In short, the 32-year-old Illinois native has an awful lot going on. So we were grateful to get some time on the phone to chat about that surprise Destiny’s Child reunion, her transition into acting, and where she hopes to take her career from here.

How was performing at the Super Bowl? How long had you guys been planning that?

It was exciting! It was really, really nice. We planned it for a while– a couple of months now. We come from an era where we tried to keep things private and a surprise. We don’t speak much, we just try to do it. We were trying to respect the integrity of Beyonce’s show, so I didn’t want to say anything and still don’t want to say much. But it was a great moment.

What was the feeling like to be back with your girls on stage again?

It was an amazing experience. It was like we just picked up right where we left off. It was a big deal for us, but we’re in touch with each other all the time.

Can you talk to me about making the transition into acting? What’s the difference between controlling everything as a singer vs being part of a larger creative community in a movie or play?

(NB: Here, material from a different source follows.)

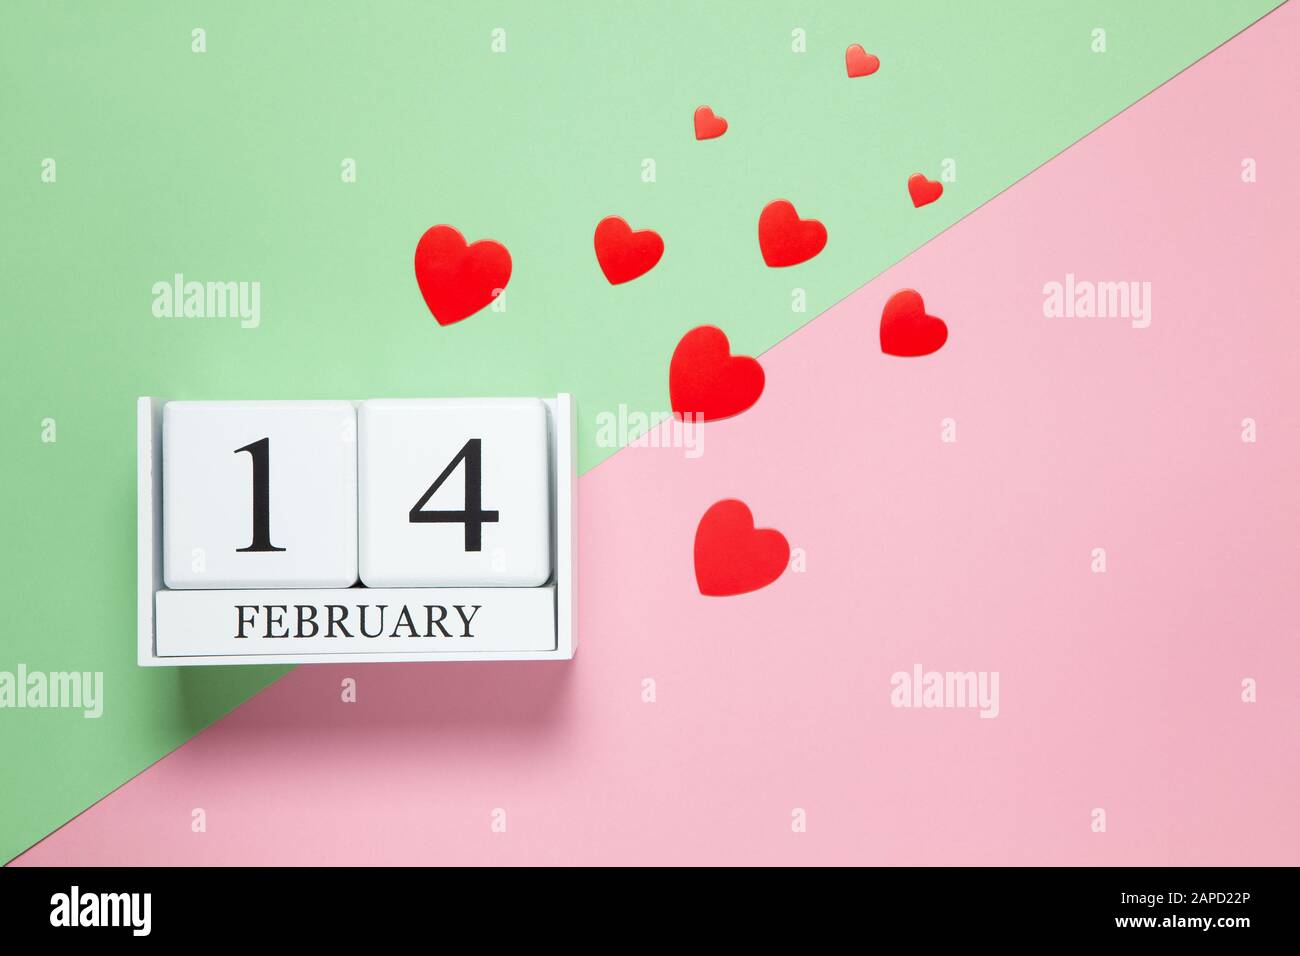 Calendrier perpétuel à la date du 14 février, coeurs confettis de différentes tailles rouges sur fond rose et vert bicolore. Pose plate. Vue de dessus. Saint-Valen Banque D'Images

When you’re performing as a musical artist, you’re pretty much making your own calls on stage, and there is a little more freedom in how you interact with people. With this show, FELA!, it’s different because it’s reenacting his last concert at the Shrine in Lagos, Nigeria. In this show, your interaction with the audience reminds me of someone at a concert. But the thing about theater is that they’re a little more strict about your placement and blocking. If you move here when you’re not supposed to, you can mess up the whole scene or a dance routine. So you’ve got to pay attention.

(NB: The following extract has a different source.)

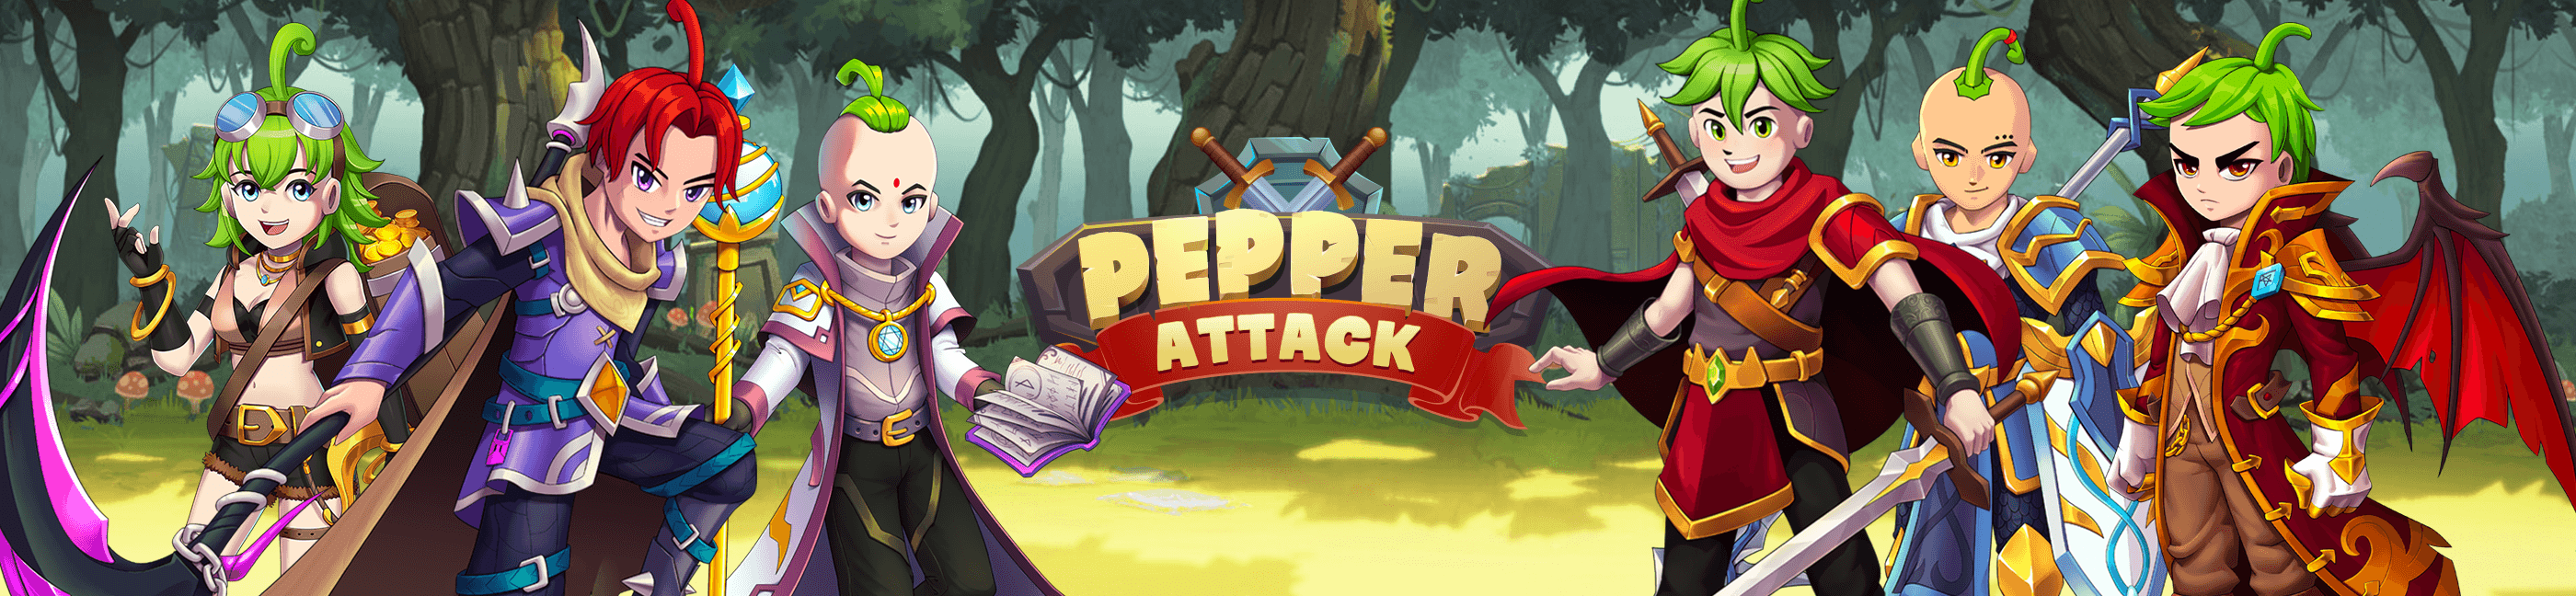 Pepper Attack

Did you ever get to meet or talk to Sandra in your preparation for the role?

Yes, I talked to her and we emailed each other. She is everything that I knew she would be. I figured she would have to be very feisty and headstrong in order for Fela to really listen to her. I was like, “She’s a baaaaad girl!” He was able to listen to her and wanted to do what she knew he could do. I think she saw his true potential. I think he was very passionate about things, and he had every right to be passionate, but it’s like when you’re arguing with someone and they don’t know the facts. I like how Sandra Izsador wanted to teach him history so that, when he went out and talked about things, he had a great foundation to stand on. What’s funny is that his mom was telling him the same stuff Sandra was telling him. But sometimes it takes someone else telling you in order to get you to see it. He respected, honored, and adored his mother. But I think it’s the same with us growing up: Our mom and dad can tell us things and we act like we’re not listening, but then someone else can come along and tell us the same thing and we hear it.

There was an amazing African-American cultural renaissance in the 1970s. Can you talk about that part of the show, and the way it captures that Afrocentric movement where consciousness was staring to expand exponentially?

The past two nights that I’ve been back with the cast, every time we do that part in the show, people in the audience clap because they name some amazing names– Malcolm X, Nicki Giovanni, Muhammad Ali.... I think they clap because it takes them back to those times. I do appreciate how that stuff is in the show. I think Sandra wanted Fela to also know that, from Africa to America and America to Africa, we were all dealing with the same thing. But we all still have a long way to go to realize the things that Malcolm X and Martin Luther King were trying to teach us back then. We’re getting better, but we’re not all the way there.

Where do you want to go from here in your career? Do you want to keep dabbling in all of these different things?

It seems like I’m seamlessly able to do it all, and I want to continue to do so. Eventually I want to delve into some of the behind-the-scenes things, such as developing artists and helping those that are coming up.

I know you wrote a new song for the Destiny’s Child compilation. Have you guys talked about doing any future reunions?

When we did the compilation, we knew that we should definitely put one new song on this album because people have been soooo supportive of Destiny’s Child throughout the years. We were very excited to do this song together. Like I said earlier, it’s like we picked up where we left off. We were excited because we were, like, “Man, we sound great together!” The harmonies are beautiful. So every now and then, it'd be great to get back together to do something. But we don’t have any specific plans.